ISLAMABAD – An audit laid bare billions of rupees in financial irregularities across Pakistan’s petroleum sector, raising fresh questions over governance, accountability, and the cost of regulatory failures.
From excessive gas losses and unrecovered government dues to shady procurement practices, Auditor General of Pakistan’s latest report raised questions on how more than Rs. 82.46 billion slipped through the cracks in a single fiscal year.
AGP Audit Report 2025-26 points out losses from excessive gas losses, delayed recoveries, questionable payments, and procurement irregularities across several state-owned energy companies. The audit identified Unaccounted-for Gas (UFG) losses at Sui Northern Gas Pipelines Limited (SNGPL) and Sui Southern Gas Company (SSGC) as the single largest contributor to the financial impact.
Gas losses exceeding the limits permitted by the Oil and Gas Regulatory Authority (OGRA) resulted in a loss of Rs. 39.43 billion, making it the most significant irregularity highlighted in the report. The report pointed to Rs14.06 billion in unrealised wellhead value, royalties, and late payment surcharges that remain outstanding from exploration and production companies. In addition, the audit found Rs. 5.04 billion in unrecovered non-tax government receipts.
Pakistan Mineral Development Corporation (PMDC) was reported to have suffered Rs. 4.66 billion in revenue losses after coal mining contracts continued under expired and non-competitive agreements instead of being awarded through fresh bidding.
AGP further noted that Rs3.23 billion in funds withheld under the Benazir Employees’ Stock Option Scheme (BESOS), along with unclaimed dividends, had not been deposited into the Federal Consolidated Fund as required. Another finding involved Pakistan Petroleum Limited (PPL), where the audit identified Rs. 3 billion in unrecovered take-or-pay revenue.
The report highlighted multiple irregularities involving Oil and Gas Development Company Limited (OGDCL). These included an unauthorized Rs. 5.19 billion signature bonus, a Rs. 3.81 billion refund of liquidated damages to a contractor, and procurements worth Rs. 347.9 million that were processed against fake bank guarantees.

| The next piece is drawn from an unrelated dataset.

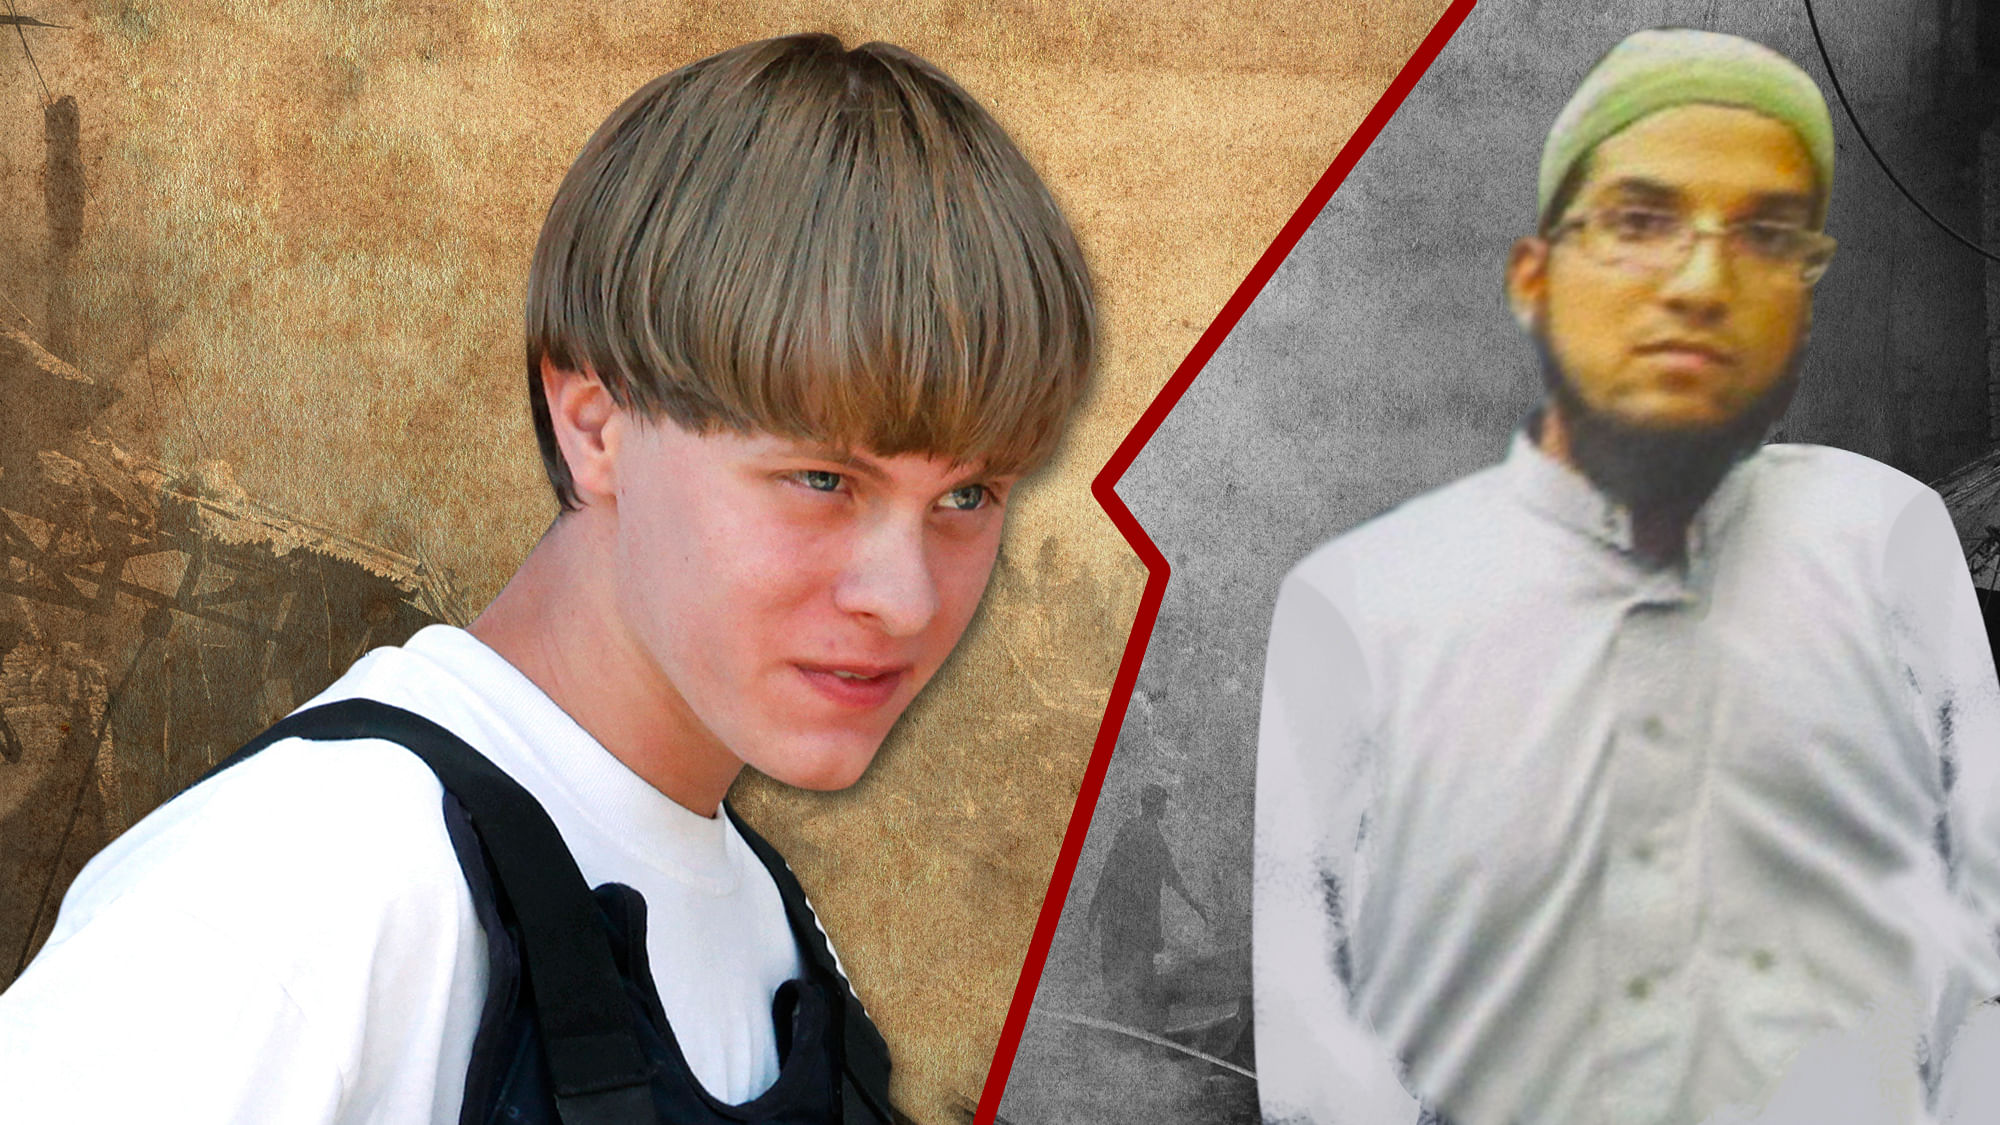 Dylann Roof (L) and Syed Rizwan Farook (R). (Photo: AP/This image has been altered by <b>The Quint</b>)
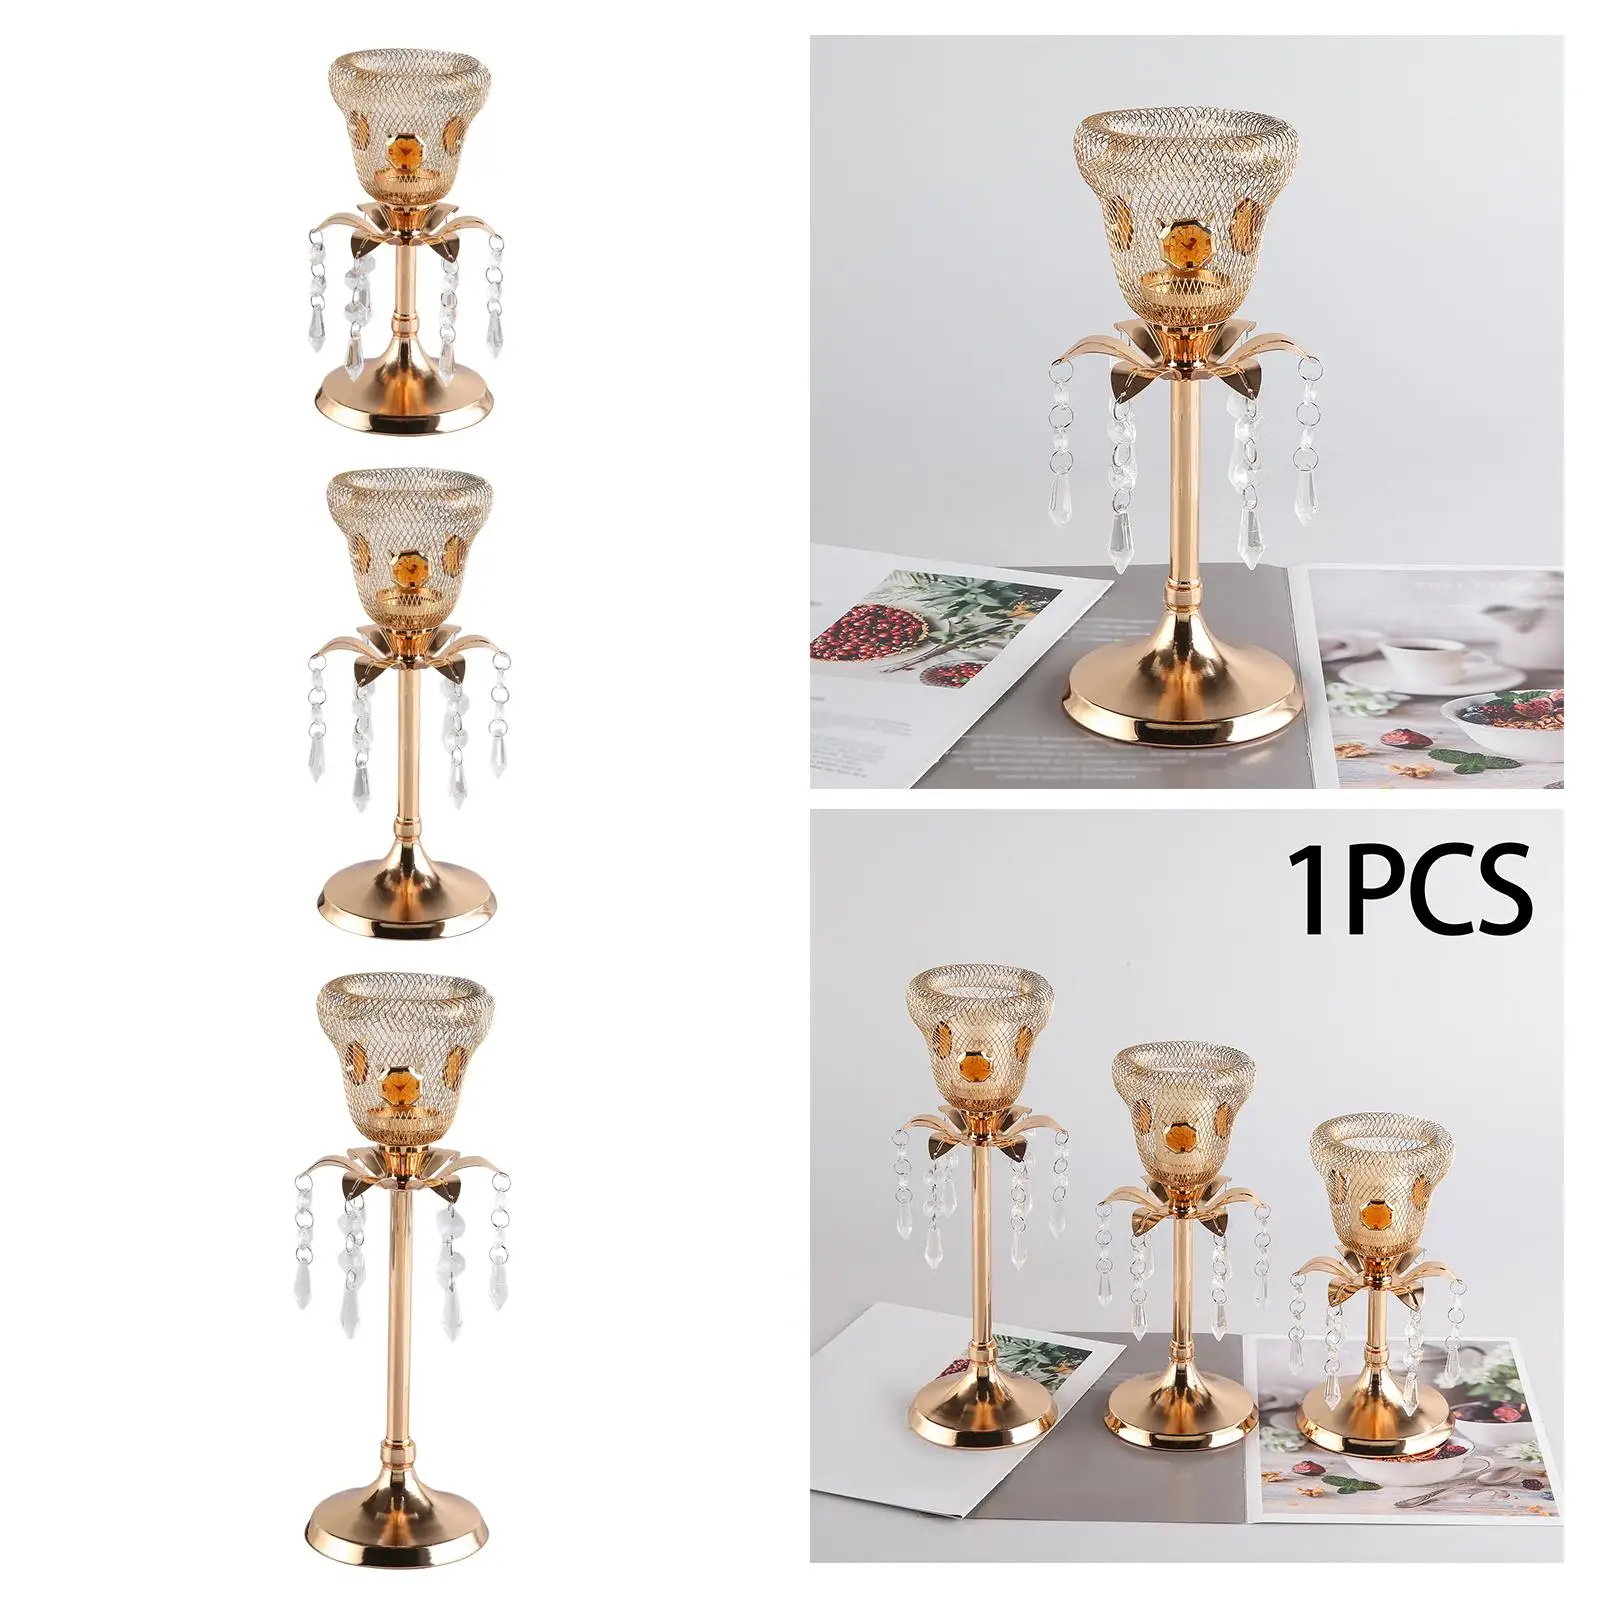 Decorative Tealight Candle Holder for Wedding, Party, Table Centerpieces Decoration

Beyond financial irregularities, AGP questioned the diversion of Regasified Liquefied Natural Gas (RLNG) to domestic and commercial consumers during the summer despite the availability of sufficient indigenous gas. According to the audit, the subsidy cost created by this decision was incorporated into public gas tariffs, ultimately increasing fixed charges for consumers.